Task to carry out:
When you transcribe the listing that follows, keep every line exact and omit the pictures.

Provided data:
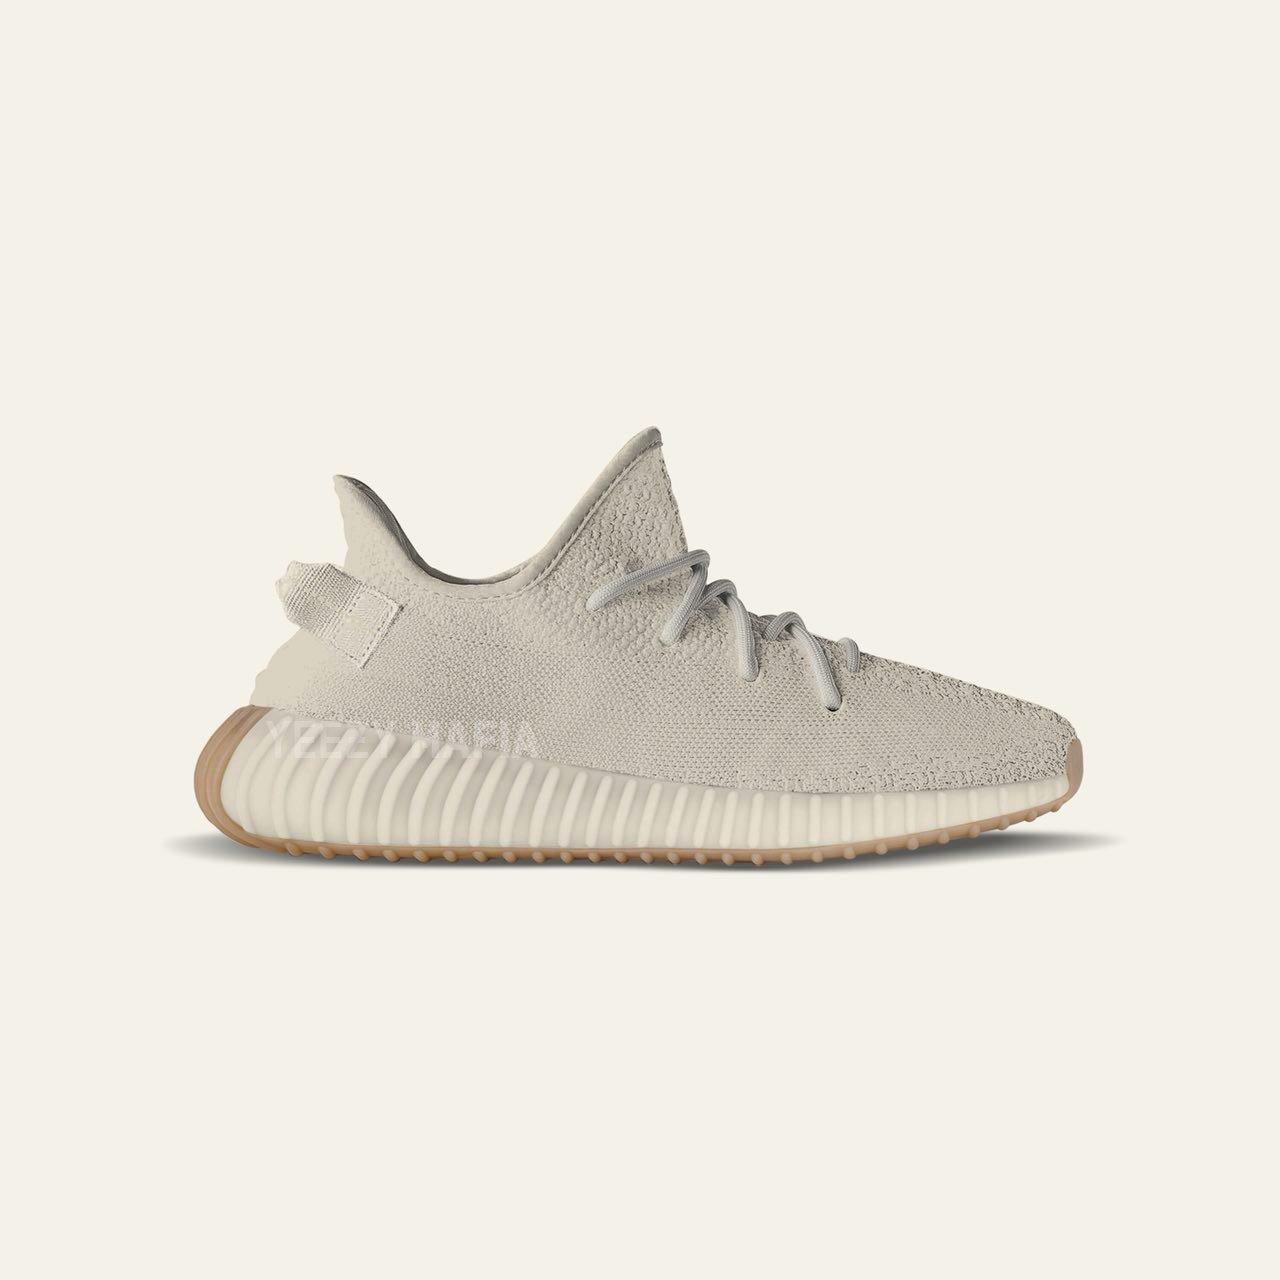 adidas yeezy 350 boost france
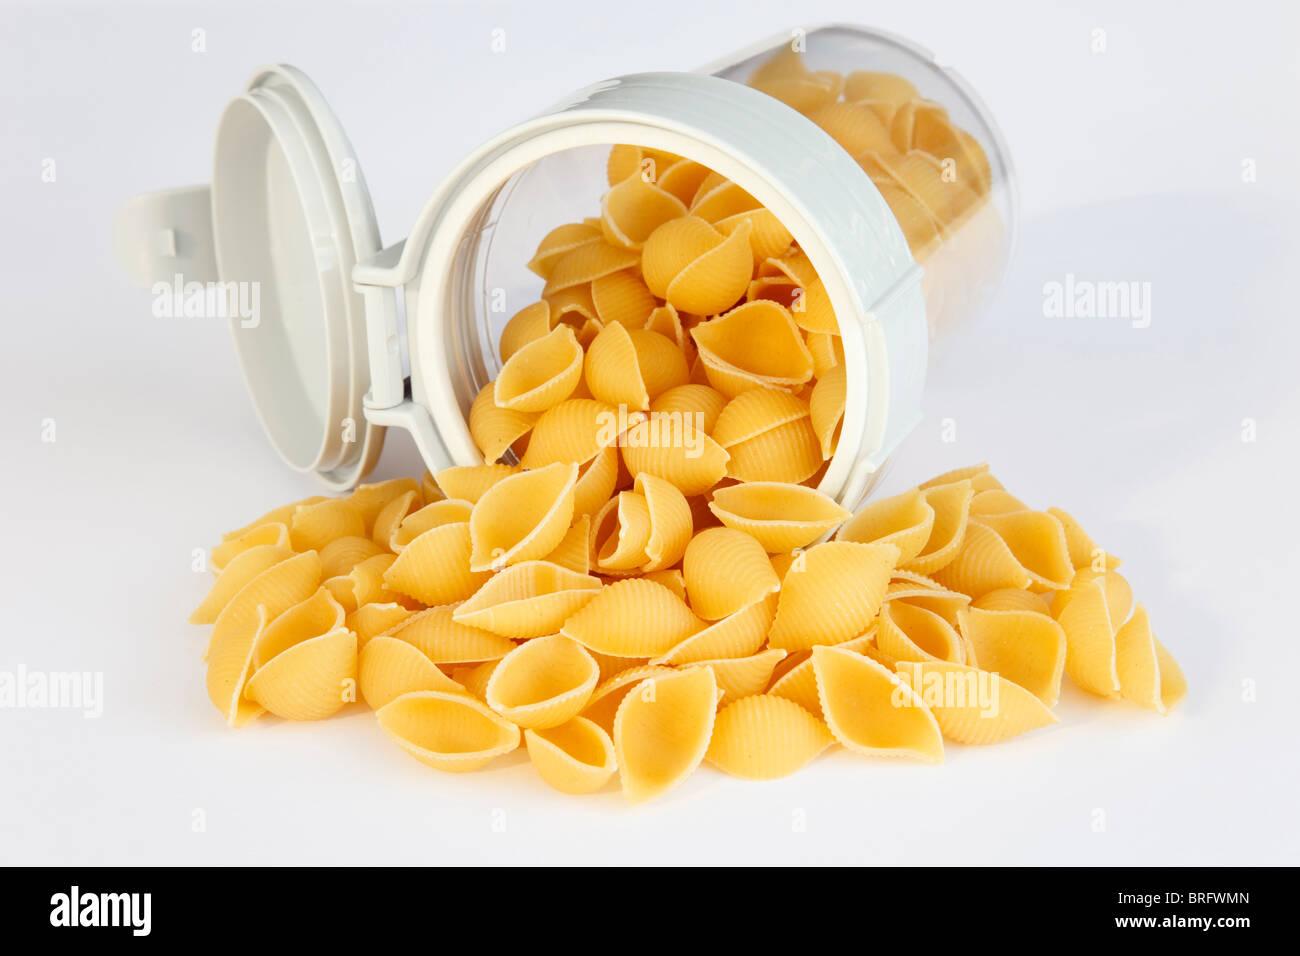 Pila di conchiglie crudo gusci di pasta la fuoriuscita di un contenitore in plastica per alimenti con coperchio Immagini Stock
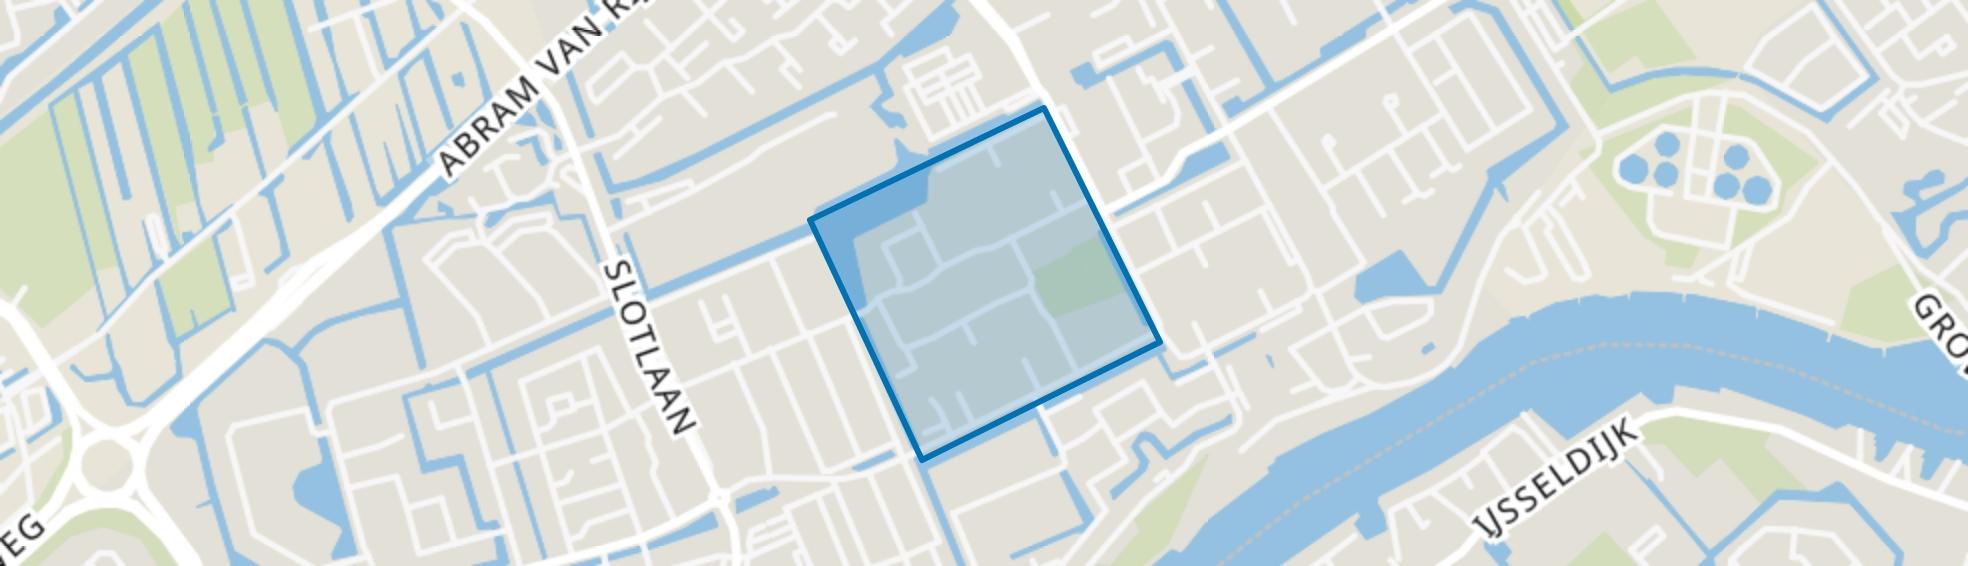 Meeuwenbuurt, Capelle aan den IJssel map

Your solution:
 adidas yeezy 350 boost france
 Pila di conchiglie crudo gusci di pasta la fuoriuscita di un contenitore in plastica per alimenti con coperchio Immagini Stock
 Meeuwenbuurt, Capelle aan den IJssel map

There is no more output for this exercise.